For HackThis, we made a MVP that runs in Chrome to serve as a proof of concept. Here are some screenshots of the MVP:
We also made a business pitch for HackThis, which can be found here: Slides & Transcript
Here is a demonstration of the current product: Youtube
Currently supported voice functionality:
- Create document - "Create new document"
- Save document - "Save"
- Open document - "Open document (document id)"
- Start typing - "Start typing"
- Stop typing - "Stop typing"
- Change Title - "Change title (new title)"
- Add paragraph - "Add paragraph"
- Real-time punctuation - comma, period, quotaiton are mapped to ,." respectively
- Remove paragraph - "Remove paragraph (index)"
- Remove word - "Remove (word) from paragraph (index)"
- Replace word - "Replace (old word) with (new word) in paragraph (index)"
- Bold word - "Bold (word) in paragraph (index)"
- Move cursor - "Move cursor to paragraph (index)"
Planned functionality:
- Change size - "Change size of paragraph (index)"
- Change color - "Change color of paragraph (index)"
- Make above paragraph functions into sentence functions
- Move Speechful to a container such as Electron
- Export a speechful document into common file types
- Create a tutorial for new users
The front-end of this application is built with React. For natural language processing, we are using Google Speech. Design element dependancies include: Material-UI and FontAwesome.

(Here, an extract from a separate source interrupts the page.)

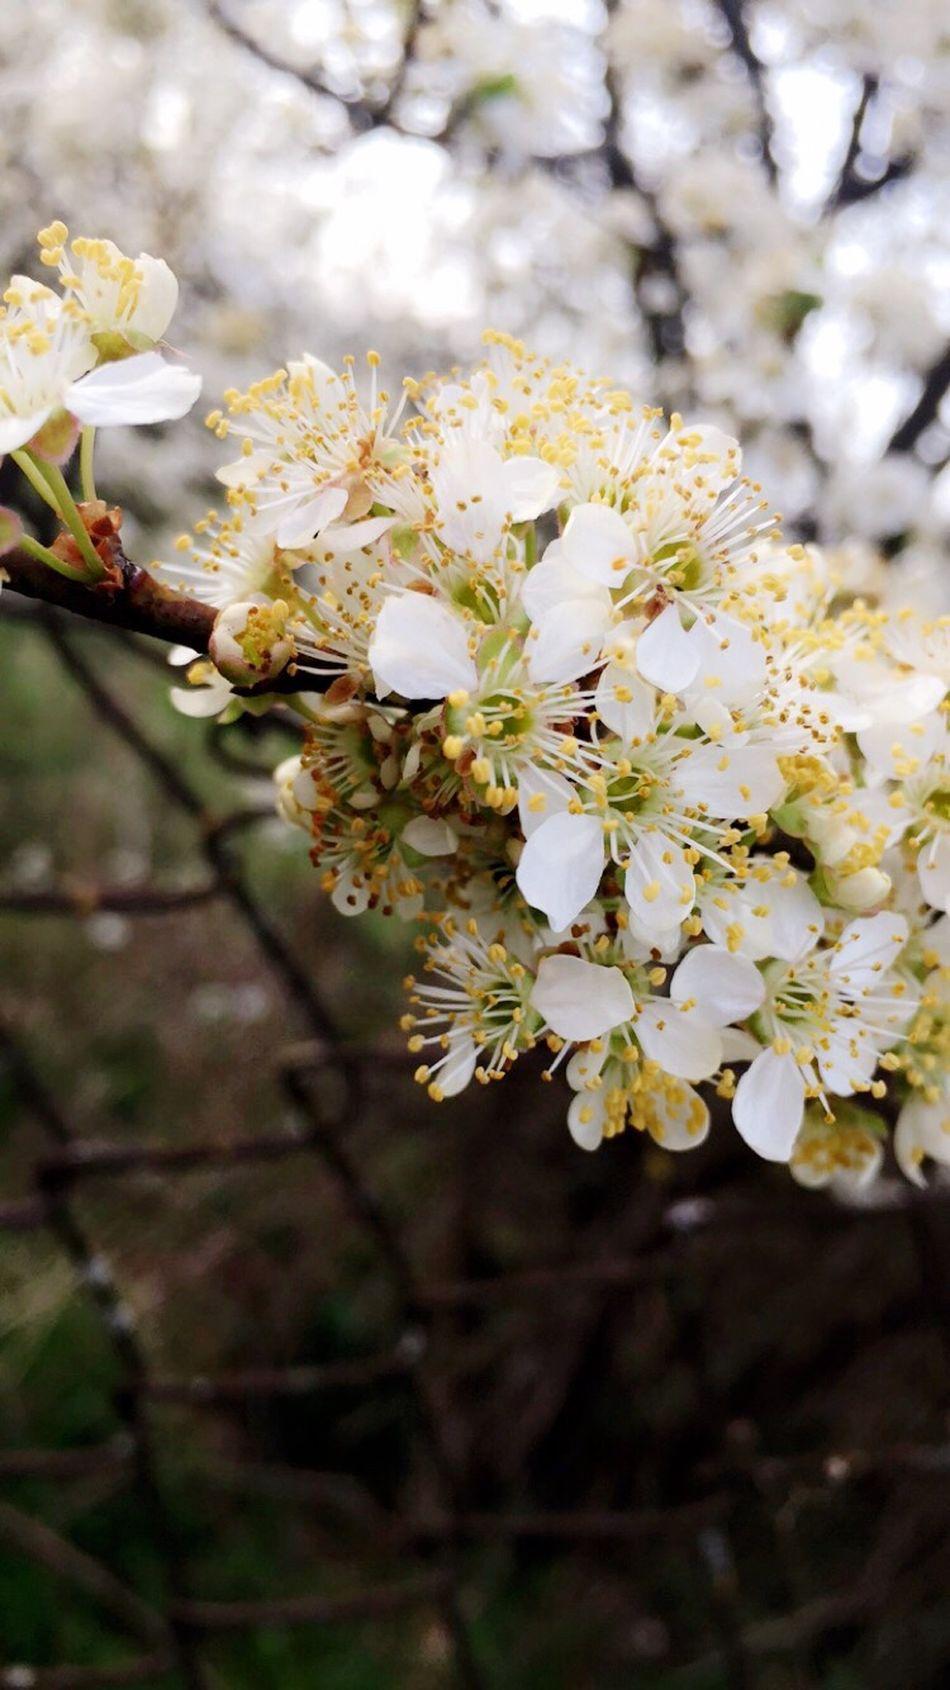 Adinafrasinphotography OpenEdit Spring Springtime Beautiful Beautiful Nature Outdoors Flowers Spring Flowers Photography White Flower White

In order to set up the project for contribution, run:
git clone https://github.com/virnarula/speechful.git
to clone this repositorycd speechful
to enter the/speechful
directory.npm install
to install all the dependencies of the projectnpm run start
to launch the development server.- If it doesn't happen automatically, open
localhost:3000
in your browser. - Voila!
This repo uses the Google JavaScript Style Guide.
This project is set up like a traditional react project. This is a high-level overview of the file strucutre. Trivial files and directories will be omitted for simplicity.
speechful
├──src
| ├── components # Contains screens and their components
| ├── data # Where documents are saved
| ├── IO # Contains IO functionality
| ├── model # Document data model representations
| ├── res # Image resources
| ├── speech # Contains speech objects to decipher instructures
| └── App.js # Contains React Routes
└── public
├── index.html # Bare-bones website
└── main.js # Contains start-up code
This project is under the MIT Liscense.